Google Patent Data Analytics: viewing XML format patent bibliographic data

Monday 4 November 2013

viewing XML format patent bibliographic data

OK—you have obtained some bibliographic patent data in XML format from one of the available sources (see last week’s post). Now what?

You can inspect individual XML files with an XML file viewer. XML files consist of text only, so a text editor such as the Microsoft Windows Notepad utility will do. Here is a small portion of the USPTO’s XML file for US patent no. 8329177 as viewed in Notepad. You can see the descriptive tag pairs (e.g. <document-id></document-id>) encapsulating the information content, but the tags’ hierarchical structure isn’t readily apparent via Notepad.

The tags’ hierarchical structure is more apparent if we inspect the XML file with a spreadsheet program such as Microsoft Excel. Here is a small portion of the same XML file (i.e. US 8329177) as viewed in Excel.  The file has been converted into the familiar spreadsheet row/column format, with the tags appearing as column headings and the encapsulated information shown in rows beneath the respective headings.

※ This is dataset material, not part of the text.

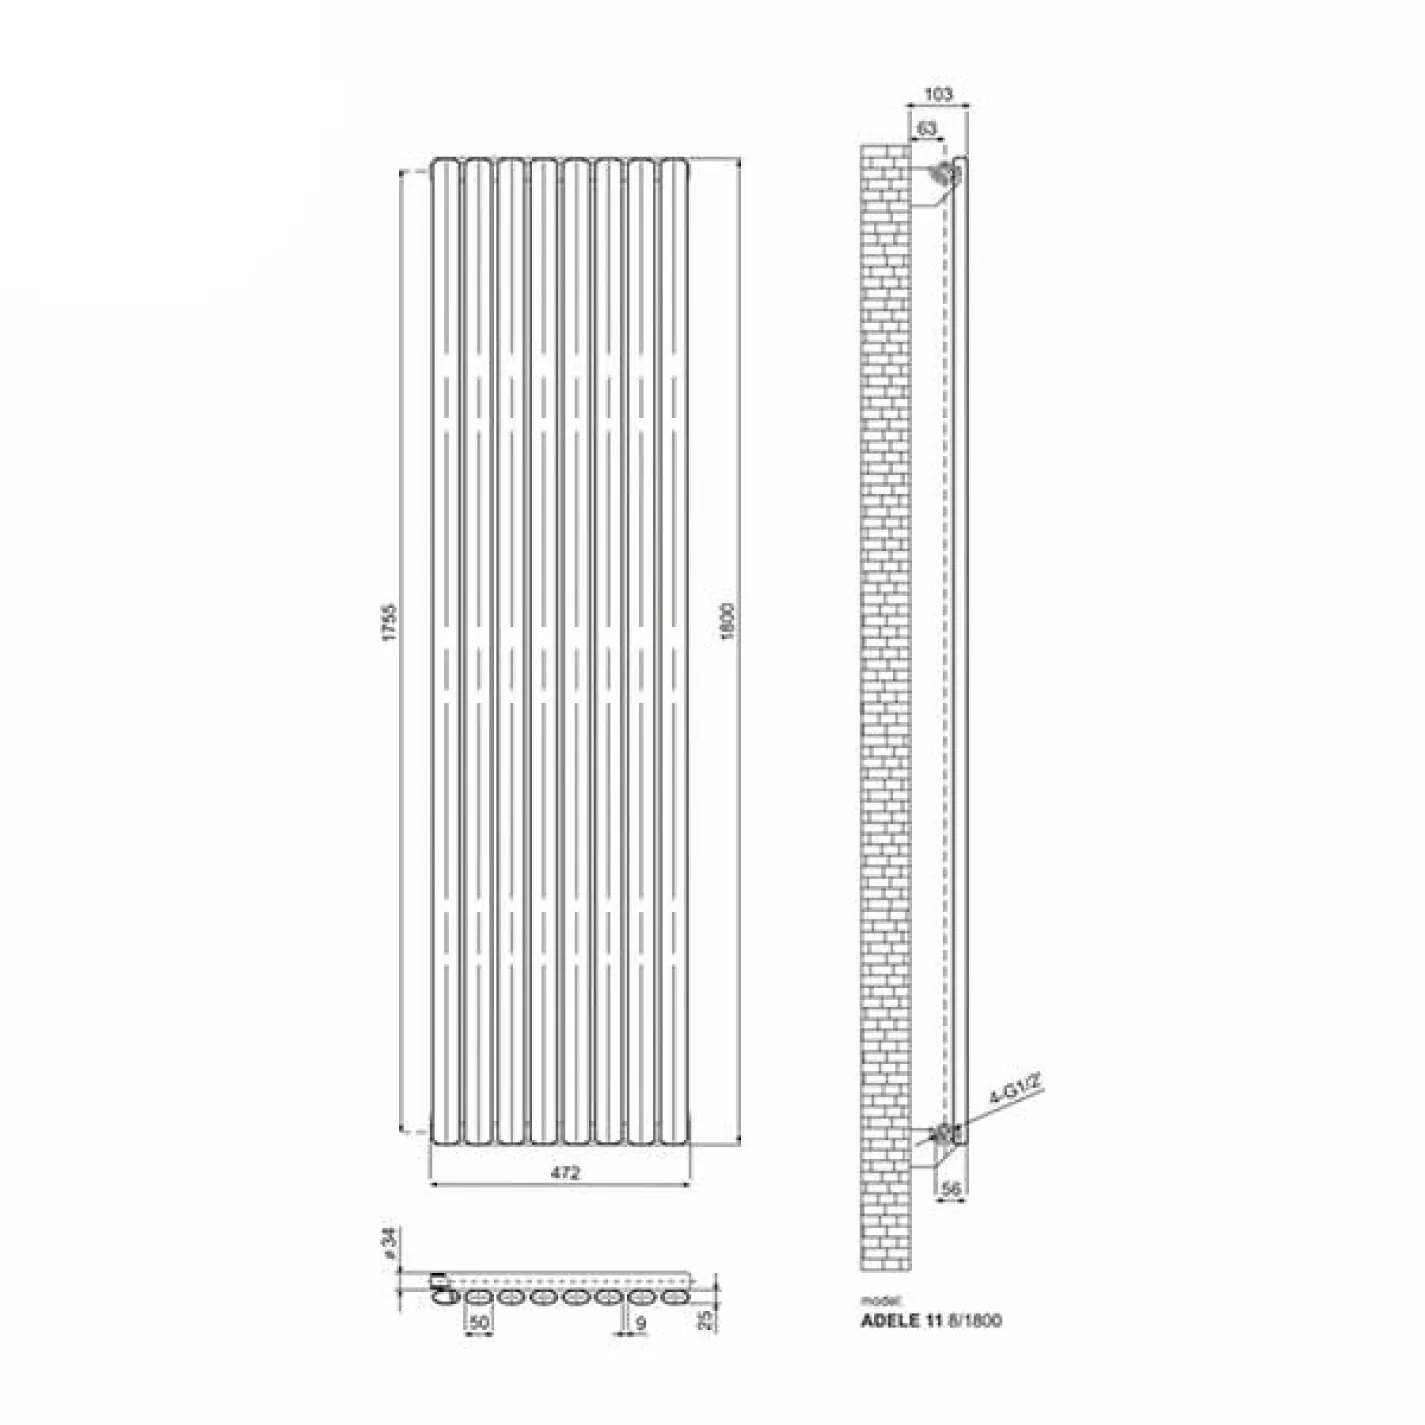 Трубчастый радиатор Ideale Adele 1 колонна 8 секций 1800x472 антрацит - Фото 3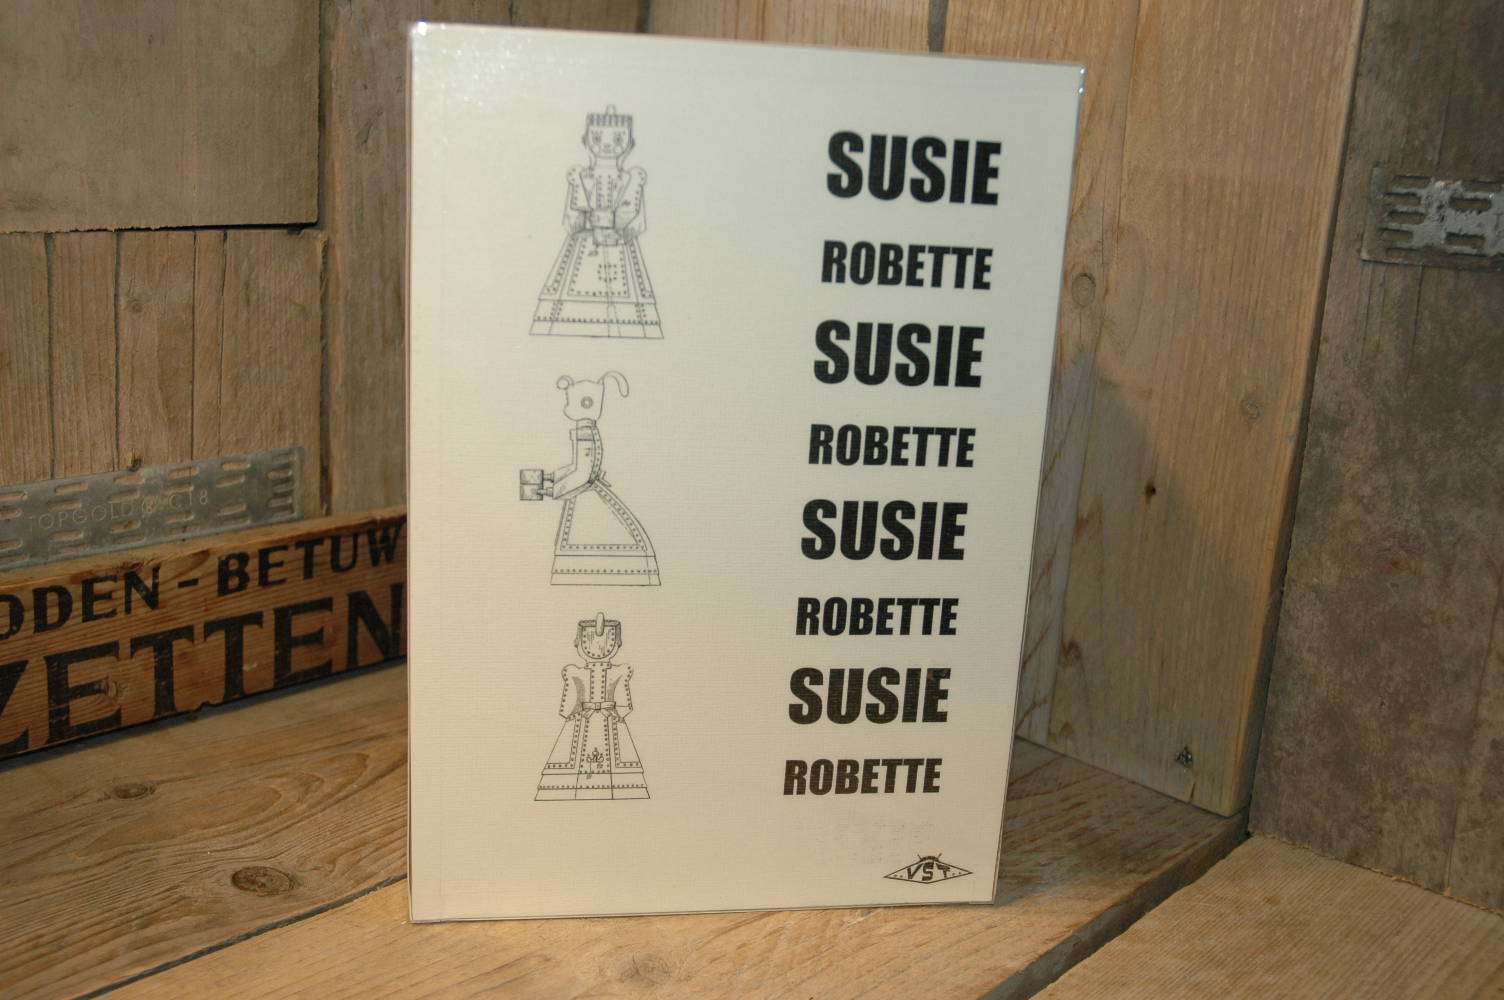 VST - Susie Robette

The conversion (or "flattening") process repeats information in some cells, as seen here.  The column headers have been narrowed to show more columns.   When viewed in Excel, the XML file for US 8329177 has 53 rows and 131 columns, so the worksheet has a total of 6,943 cells. However, the worksheet is rather sparse: only 2,408 of those cells contain information.

A web browser can also be used to inspect an XML file. Here is the same small portion of the XML file for US 8329177 shown above in Notepad, as viewed in Microsoft Internet Explorer. In this case, the tags’ hierarchical structure is made apparent by color highlighting and by hierarchical indentation levels. The encapsulated information is bolded.  This makes it somewhat easier to browse through the contents of a single XML file—if that is what you want to do.

None of this is very helpful, unless you are only interested in a particular XML file’s bibliographic patent data content and don’t mind manually inspecting and deciphering the file’s tagged information as outlined above. More generally, what we want to do is examine the information content of a number (preferably a very large number) of bibliographic patent data XML files in parallel. Future posts will delve into that topic.